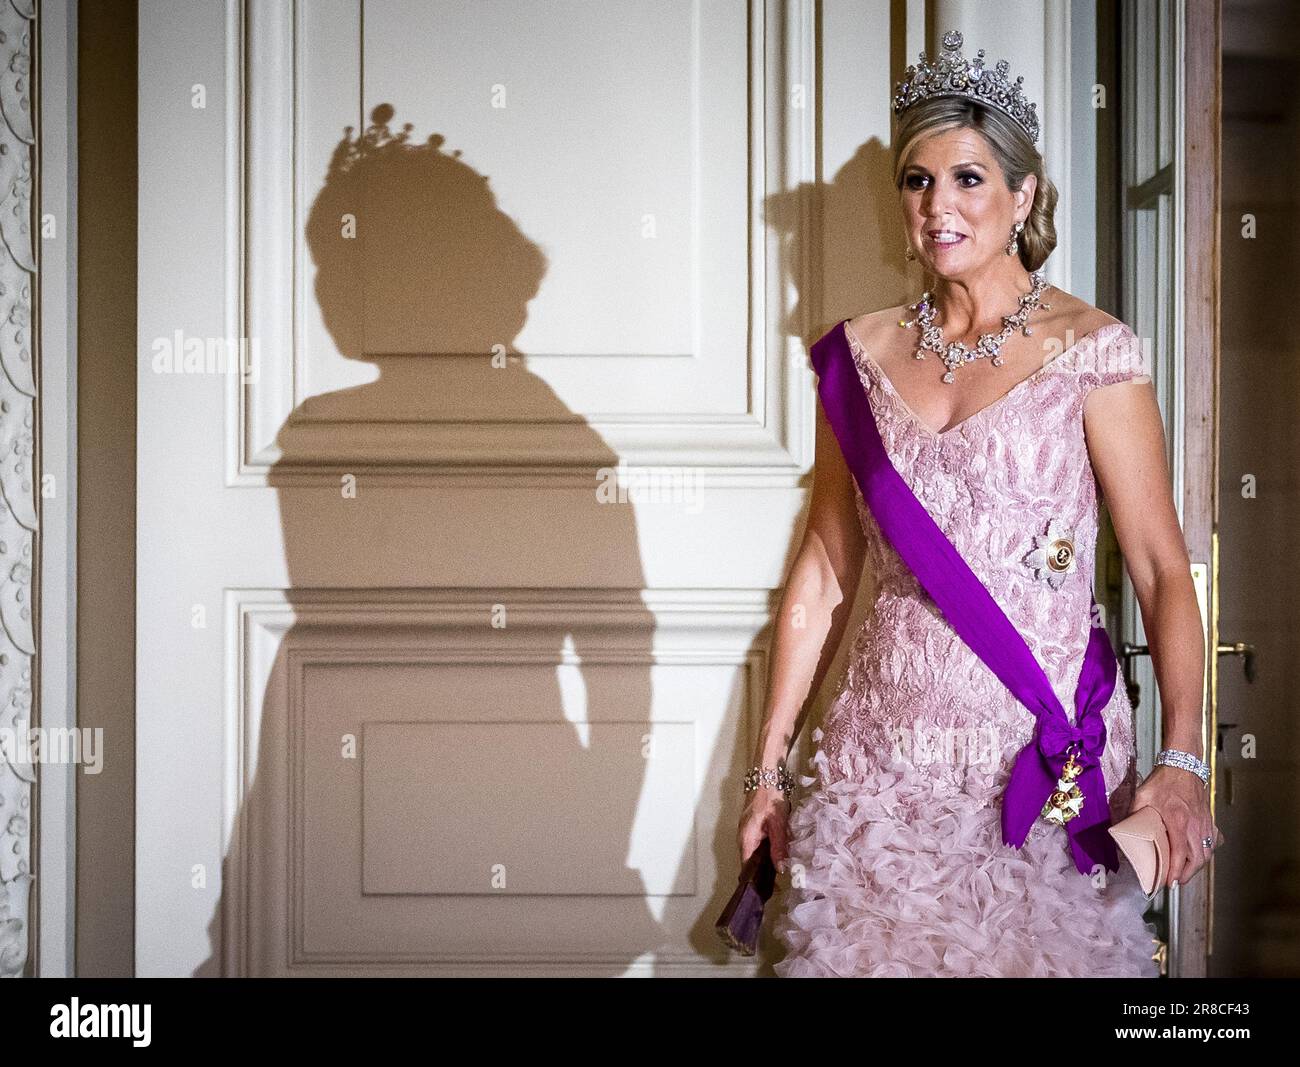 BRUSSELS - Queen Maxima prior to the state banquet at the Castle of Laeken  on the first day of the state visit to Belgium. The royal couple will visit  the country, at
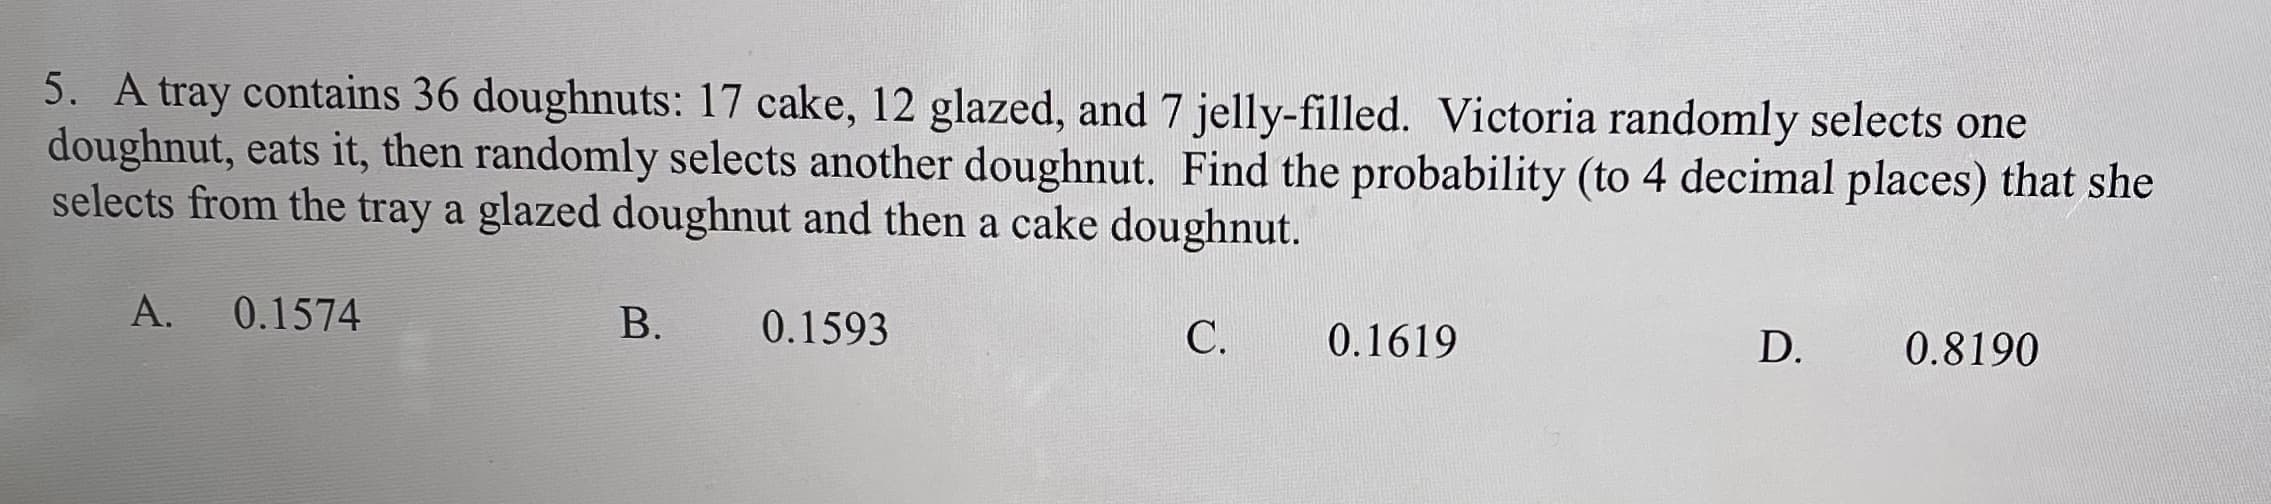 5. A tray contains 36 doughnuts: 17 cake, 12 glazed, and 7 jelly-filled. Victoria randomly selects one
doughnut, eats it, then randomly selects another doughnut. Find the probability (to 4 decimal places) that she
selects from the tray a glazed doughnut and then a cake doughnut.
A.
0.1574
B.
0.1593
C.
0.1619
D.
0.8190

· · · · ·

Only the lines above that hold "then" are wanted. Show every one of them.

- EXERCISE ANSWER
doughnut, eats it, then randomly selects another doughnut. Find the probability (to 4 decimal places) that she
selects from the tray a glazed doughnut and then a cake doughnut.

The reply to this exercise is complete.